Uvinza is one of the eight administrative districts of Kigoma Region in Tanzania. Uvinza is bordered to the northwest by Kigoma District and Kigoma-Ujiji District. North of the district is bordered by Kasulu District . Lake Tanganyika borders the district on the west. Mpanda District in Katavi Region borders the district to the south and Kaliua District in Tabora Region borders the district to the east. The district is named in honor of the Vinza people whom the western part of district was their historic kingdom.
Southern Uvinza District is home to the Mahale Mountains National Park. A unique park that is home to both Chimpanzees and lions in the same habitat.

== History ==
The area that is currently Uvinza district is historically known for its salt production in Tanzania. Uvinza was ruled by the Vinza people for hundreds of years. During the German colonial period the town was named Neu Gottorp and under their occupation a railway line was built in the 1900s linking it to Dar es Salaam. The district council was created from the Kigoma District on 1 July 2013.

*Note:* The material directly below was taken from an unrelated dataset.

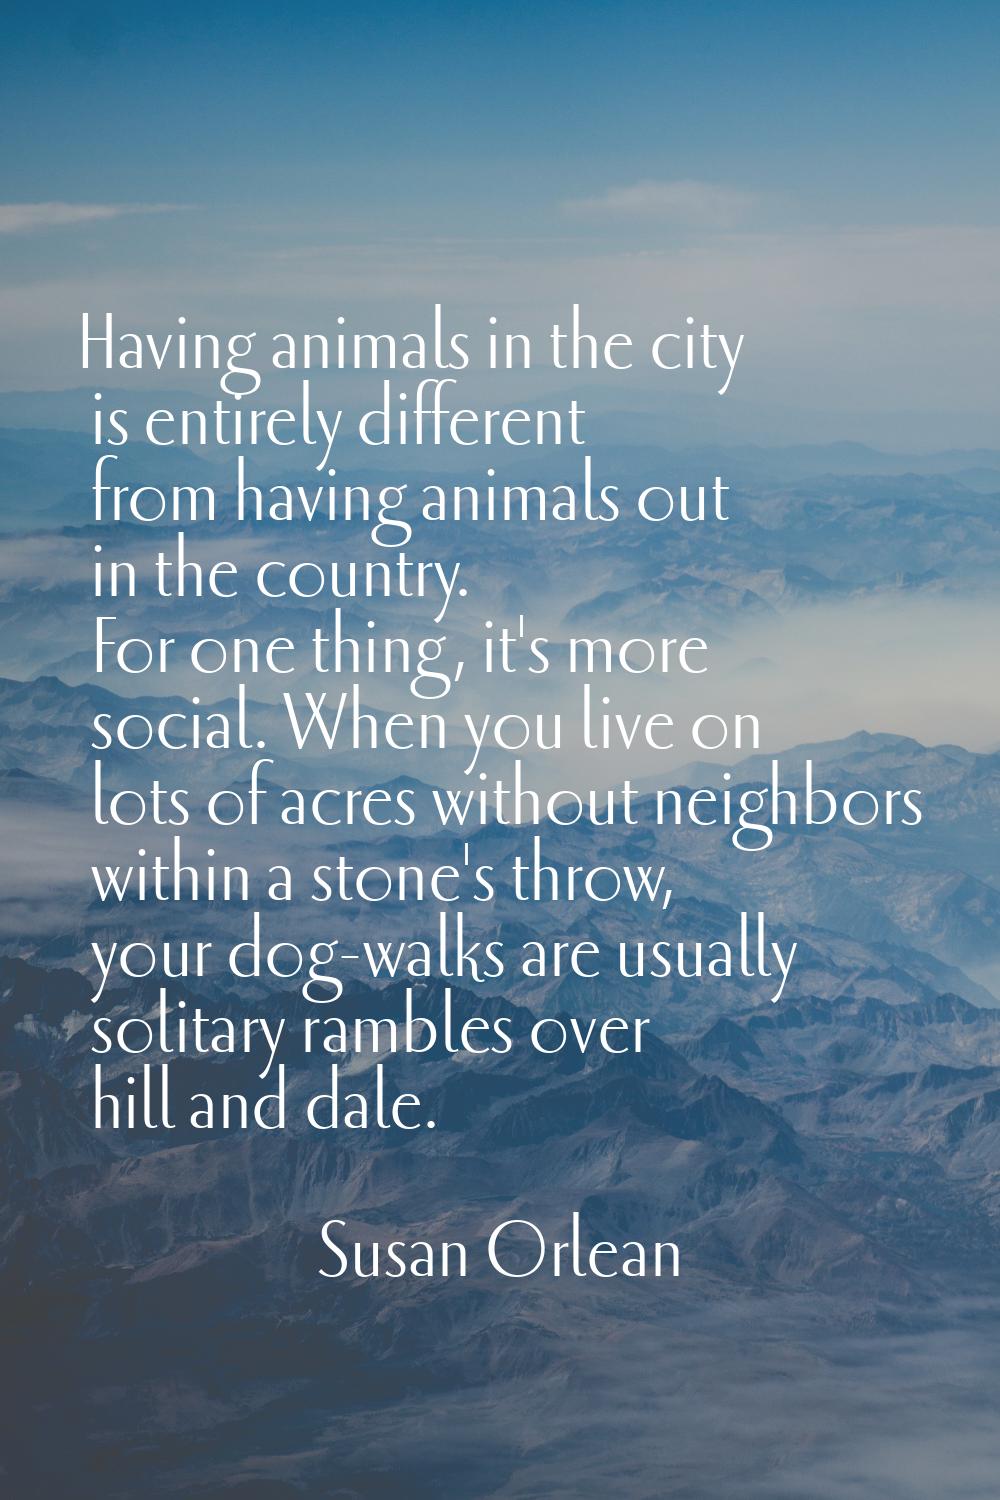 Having animals in the city is entirely different from having animals out in the country. For one th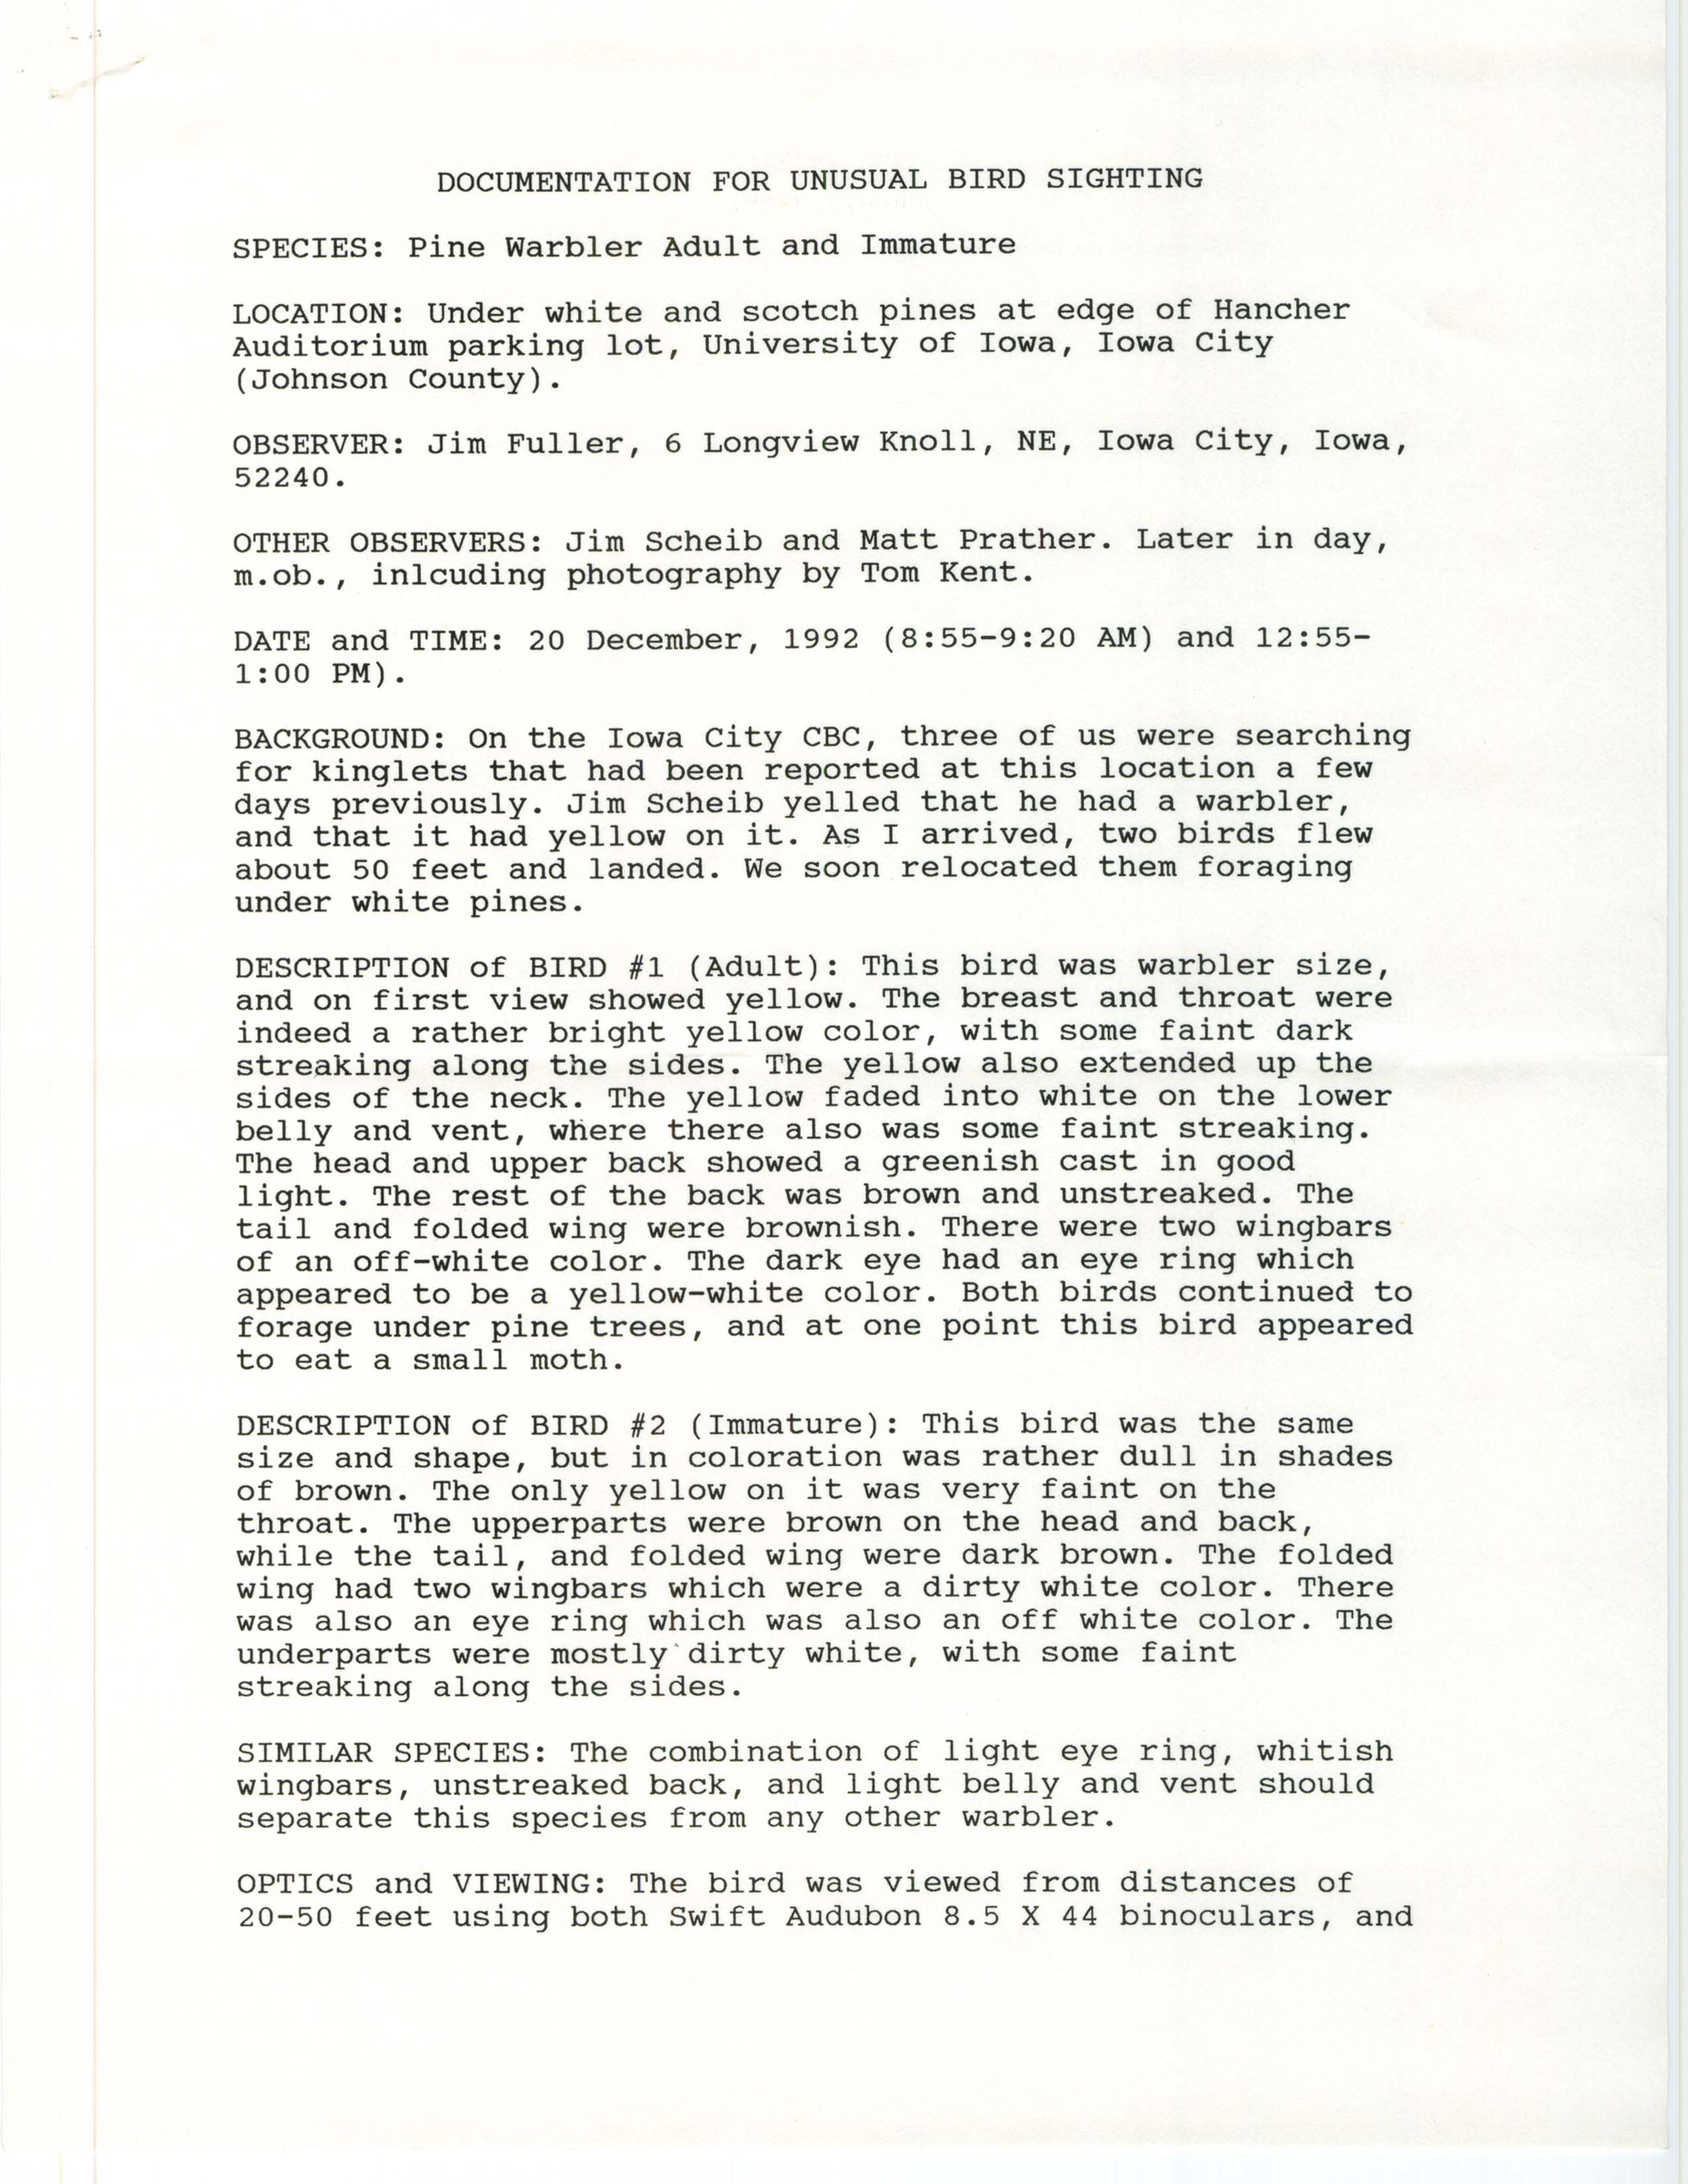 Rare bird documentation form for Pine Warbler at Hancher Auditorium at the University of Iowa, 1992

== Geography and Climate ==
Due to its immense size, Uvinza district has diverse geography. It covers an area of 10,058 km2. Thus making it the largest district in the Kigoma region. The district is home to Mahale Mountains National Park and shares the largest coastline to Lake Tanganyika in Kigoma Region. The climate is tropical savanna climate (Köppen climate classification Aw).

== Demographics ==

In 2016 the Tanzania National Bureau of Statistics report there were 387,442 people in the district, from 383,640 in 2012. Average household estimates in 2017 were 5.6, and 4.1% growth a year.

== Economy ==
Uvinza town is the economic heart of Uvinza district. The town has a station on the Tanzanian Railways. The region is dominated by salt production, forestry, and agriculture. Fishing is also one of the economic activities, with the most prominent fish across the country the Nguruka fish. In October 2007, it was proposed to build a branch railway to Bujumbura in Burundi junctioning off from there. It is also served by Uvinza Airport, which is located around 2 mi northeast of the town center. The airport consists of a single, non-paved airstrip which is approximately 3,000 ft long.

There is currently a railway that will go from Uvinza to Gitega planned to be completed in 2027.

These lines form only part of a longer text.